▶ Action item:
Up to and including the line with "Pol Espargaro Kalex", return every line from the start of the entries below exactly.

____ Given entries

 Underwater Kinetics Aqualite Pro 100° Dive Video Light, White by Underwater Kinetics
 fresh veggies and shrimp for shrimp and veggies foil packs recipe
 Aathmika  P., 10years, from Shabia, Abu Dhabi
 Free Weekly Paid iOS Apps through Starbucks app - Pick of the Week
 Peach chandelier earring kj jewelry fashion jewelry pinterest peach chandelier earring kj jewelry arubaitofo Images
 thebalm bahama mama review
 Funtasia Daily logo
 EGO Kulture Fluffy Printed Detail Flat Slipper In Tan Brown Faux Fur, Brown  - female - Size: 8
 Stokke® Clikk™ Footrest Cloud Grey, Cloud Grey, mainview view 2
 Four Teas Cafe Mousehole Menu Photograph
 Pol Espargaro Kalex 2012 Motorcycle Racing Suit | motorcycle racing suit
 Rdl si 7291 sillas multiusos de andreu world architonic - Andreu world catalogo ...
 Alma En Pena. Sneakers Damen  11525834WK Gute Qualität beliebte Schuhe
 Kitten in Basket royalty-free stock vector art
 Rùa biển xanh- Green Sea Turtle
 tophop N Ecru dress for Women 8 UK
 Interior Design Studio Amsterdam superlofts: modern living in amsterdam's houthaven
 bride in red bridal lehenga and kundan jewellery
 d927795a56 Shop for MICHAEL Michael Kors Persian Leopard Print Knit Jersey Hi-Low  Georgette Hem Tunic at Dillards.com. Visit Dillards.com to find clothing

________

▶ Response box:
 Underwater Kinetics Aqualite Pro 100° Dive Video Light, White by Underwater Kinetics
 fresh veggies and shrimp for shrimp and veggies foil packs recipe
 Aathmika  P., 10years, from Shabia, Abu Dhabi
 Free Weekly Paid iOS Apps through Starbucks app - Pick of the Week
 Peach chandelier earring kj jewelry fashion jewelry pinterest peach chandelier earring kj jewelry arubaitofo Images
 thebalm bahama mama review
 Funtasia Daily logo
 EGO Kulture Fluffy Printed Detail Flat Slipper In Tan Brown Faux Fur, Brown  - female - Size: 8
 Stokke® Clikk™ Footrest Cloud Grey, Cloud Grey, mainview view 2
 Four Teas Cafe Mousehole Menu Photograph
 Pol Espargaro Kalex 2012 Motorcycle Racing Suit | motorcycle racing suit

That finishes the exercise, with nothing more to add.